In this analysis, pythia 8 (version 8.212) is used together with the cuetp8m1 [25], cuetp8s1 [25], and Monash 2013 [26] tunes, as well as with the mbr model [27] combined with the 4c [28] and cuetp8m1 tunes. In the cuetp8m1 and cuetp8s1 tunes, which are based on the Monash 2013 and 4c tunes, the parameters are adjusted to describe underlying event measurements from the Fermilab Tevatron and the LHC. The tunes are constructed using different parton distribution function sets (NNPDF2.3LO [29]) and CTEQ6L1 [30], respectively).

The epos-lhc [31] and qgsjetII.04 [32] generators are commonly used to describe extensive air showers in the atmosphere initiated by cosmic ray particles, where soft physics is of primary importance. A combination of Gribov–Regge multiple scattering [33], perturbative QCD, and string fragmentation are the cornerstones of both models. While qgsjetII.04 includes a small number of fundamental parameters, the phenomenology implemented in epos-lhc offers more opportunities for tuning. In epos-lhc a hydrodynamic, or collective, component is included in a parametrised form [31].

The collisions simulated with the monash and mbr tunes of pythia 8, and the epos-lhc and qgsjetII.04 event generators, have been processed with a detailed simulation of the full CMS detector based on Geant4 [34] and reconstructed using the same software sequence that is used for recorded collision events. These four models are used to correct for detector effects.

Fig. 1

Distribution of the absolute number of events as a function of the highest energy tower, \(E_\mathrm {HF+}\) and \(E_\mathrm {HF-}\), in the \(\hbox {HF}+\) and \(\hbox {HF}-\) calorimeters. The left panel shows the smaller of the two HF calorimeter energies, min(\(E_\mathrm {HF-},E_\mathrm {HF+}\)), whereas the right panel shows the higher of the two energies, max(\(E_\mathrm {HF-},E_\mathrm {HF+}\)). The lines represent the simulations, while the markers represent the data. The measured detector noise distributions are shown as shaded areas

4 Event selection

Events are selected online in an unbiased way by triggering the data acquisition system with the Beam Pick-up-Timing for the eXperiments (BPTX) devices [35]. Three different categories of inelastic collisions are defined offline: an inclusive inelastic (INEL) selection to be as inclusive as possible, a non-single-diffractive-enhanced (NSD-enhanced) selection, where single diffractive dissociation contributions are suppressed, and a single-diffractive-enhanced (SD-enhanced) selection enriched in single diffractive dissociation collisions. These selections are achieved by requiring an energy deposit in the HF calorimeters above noise level either on at least one side (for the INEL category) or on both sides (for the NSD-enhanced category), with respect to the nominal interaction point of CMS. The SD-enhanced selection is defined by requiring activity in one of the calorimeters on exactly one side, with a veto condition being applied to the other side.
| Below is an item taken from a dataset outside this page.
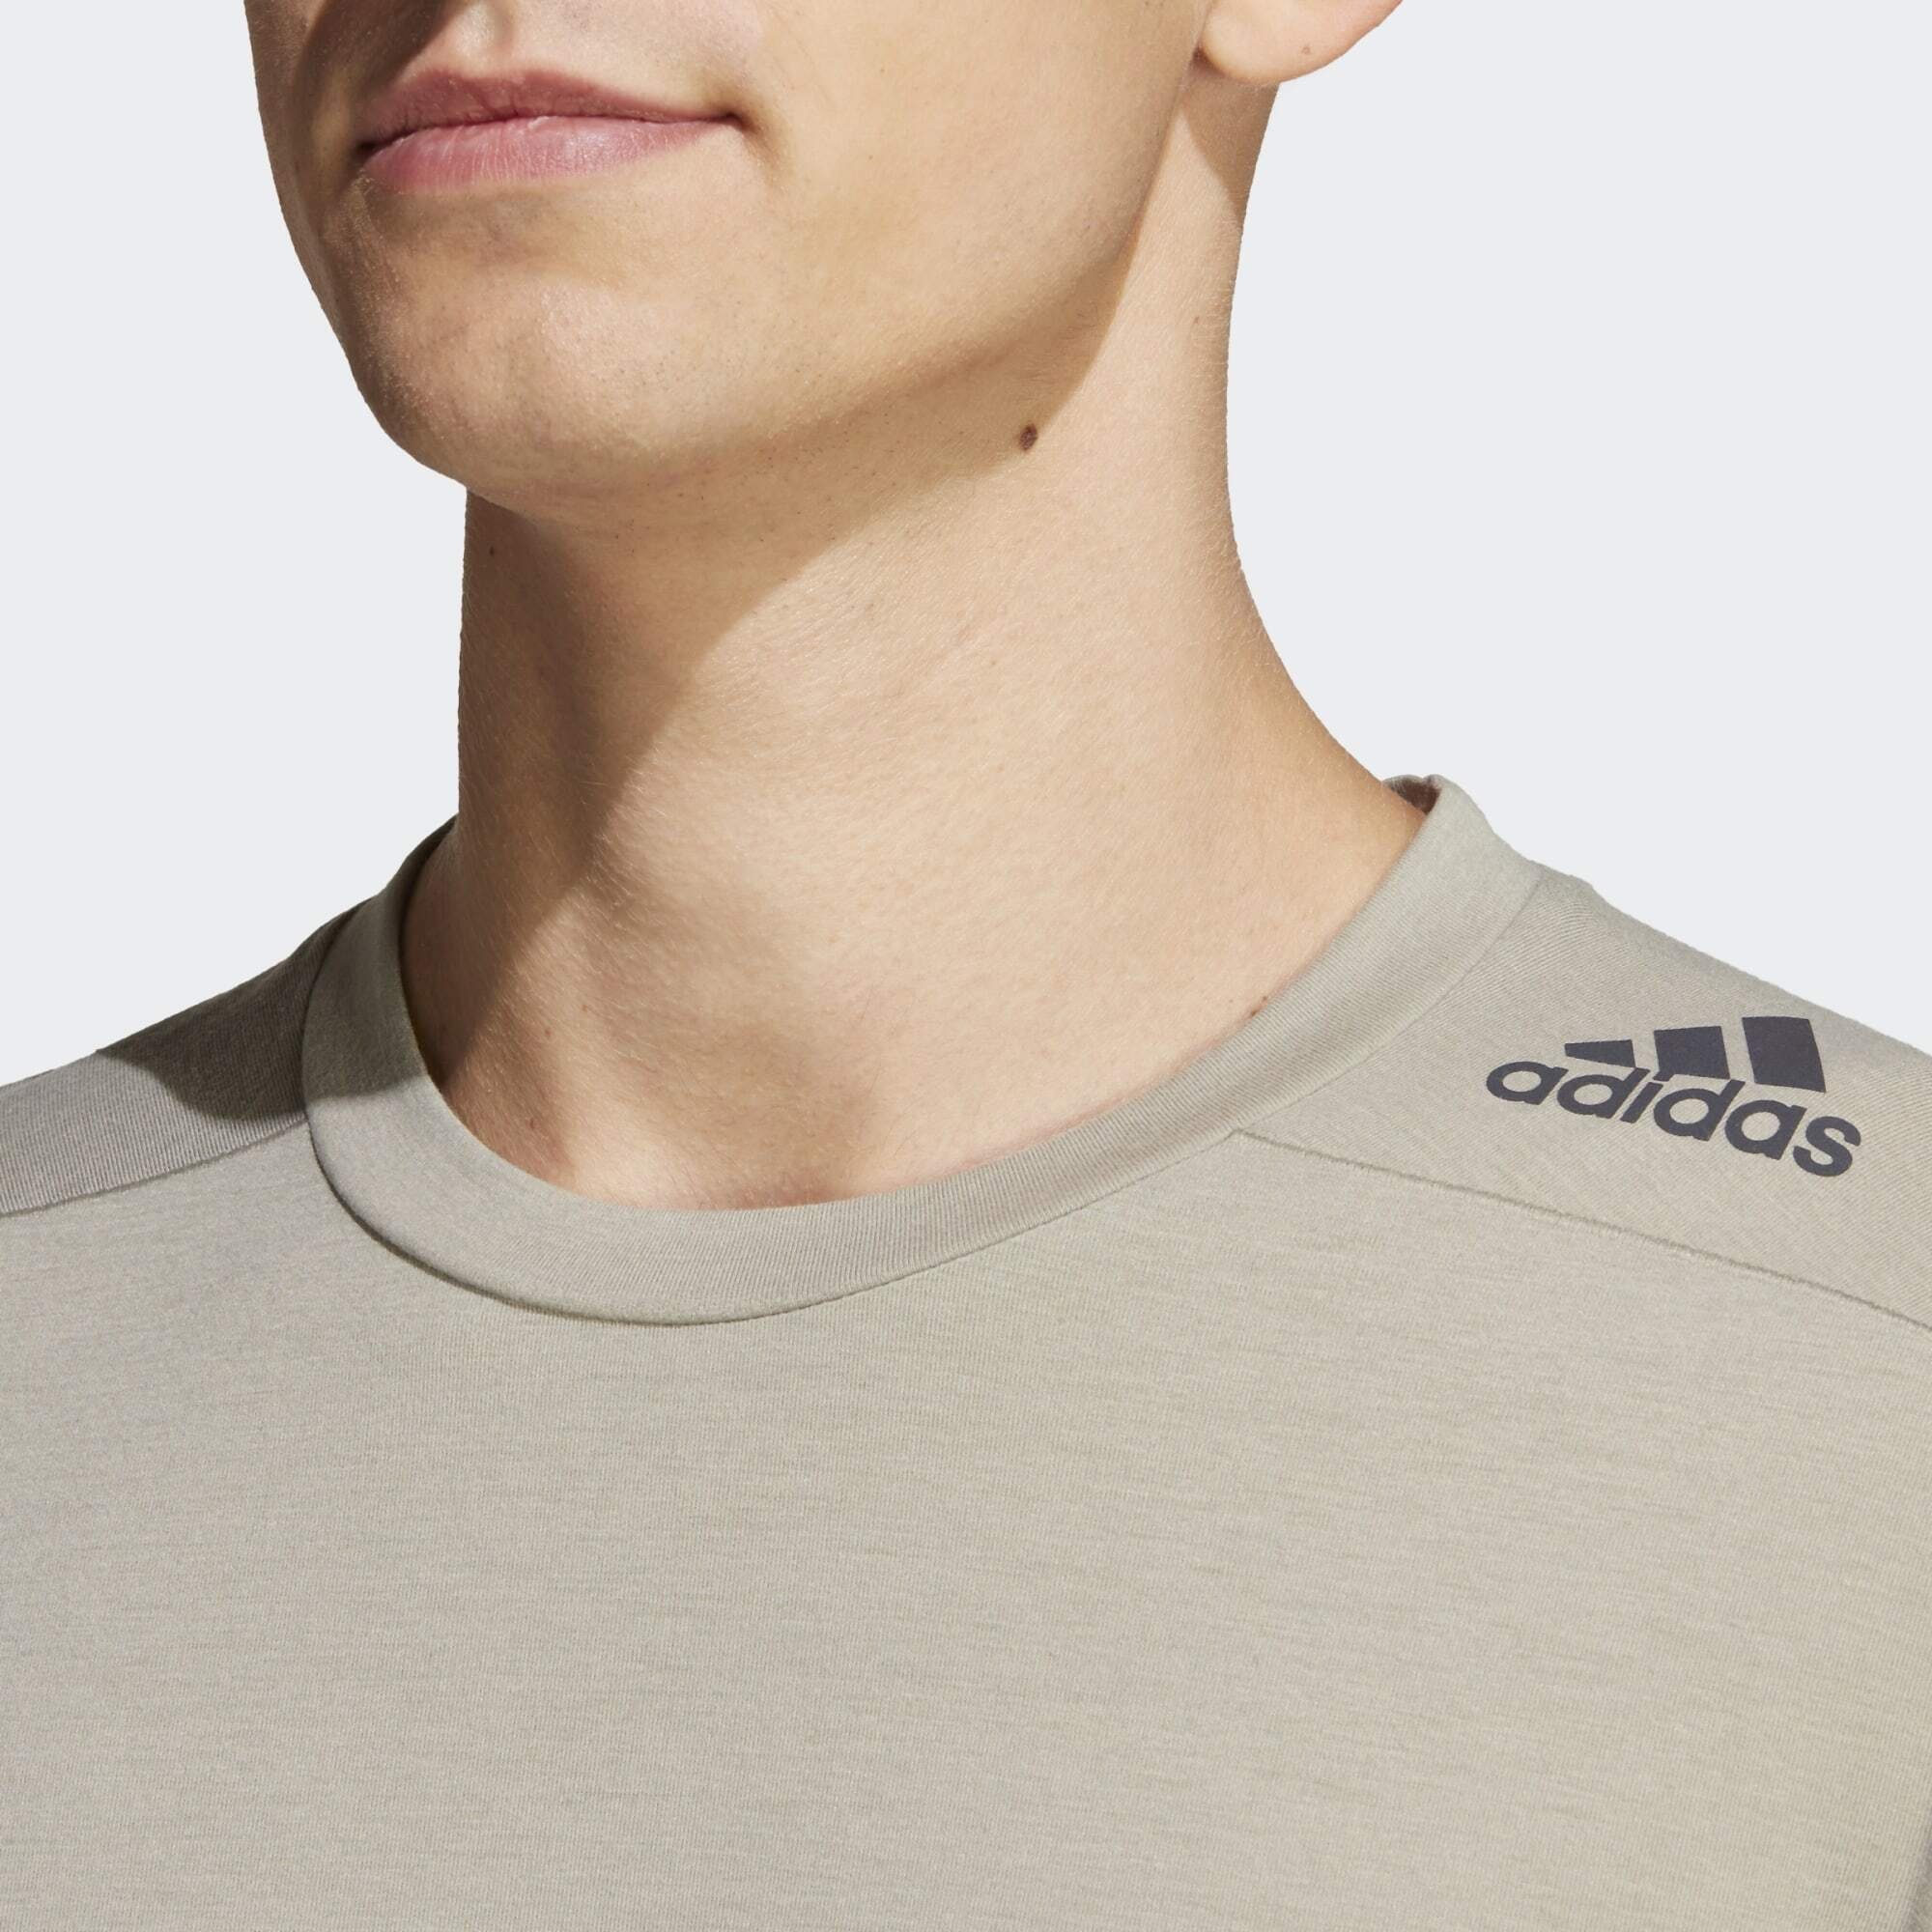 Funktionsshirt T-SHIRT TRAINING adidas FOR Silver DESIGNED Pebble Performance

Energy deposition in the HF calorimeters is characterised by the calorimeter tower with the highest energy in the negative (positive) pseudorapidity region, \(E_\mathrm {HF-}\) (\(E_\mathrm {HF+}\)), considering all towers, except those belonging to the two rings closest to the endcap (i.e. at smallest \(|\eta |\)). The energy thresholds for event selection are determined from a study of events without beam and are optimised to effectively reduce the contribution from detector noise, while still allowing a high selection efficiency. In Fig. 1, the measured distributions for \(E_\mathrm {HF-}\) and \(E_\mathrm {HF+}\) from collision data are shown together with the noise distributions obtained from data without the presence of LHC beams. This is achieved at the trigger level by requiring prescaled triggers where the two BPTX detectors are silent. In Fig. 1 simulated events are also shown. Events are selected for the INEL class if max(\(E_\mathrm {HF-}\), \(E_\mathrm {HF+})>E_\text {threshold}\), and for the NSD-enhanced class if min(\(E_\mathrm {HF-}\), \(E_\mathrm {HF+})>E_\text {threshold}\). An energy threshold of \(E_\text {threshold}=5\,\text {GeV} \) is found to be optimal to suppress the noise contribution in both event classes for simulated and measured events. For the NSD-enhanced category, the threshold could in principle be lowered down to about \(3\,\text {GeV} \) without increasing the noise contribution, but for consistency a unified threshold of 5\(\,\text {GeV}\) is used for all event classes. The data were recorded at low luminosity with an interaction probability of about 5%. Most non-empty events contain a single proton–proton collision. A small fraction also has two or more interactions. In contrast, the simulation was done without pileup, i.e., each simulated event contains exactly one proton–proton collision. The detector noise distribution as measured from empty-beam data are also overlaid as shaded areas.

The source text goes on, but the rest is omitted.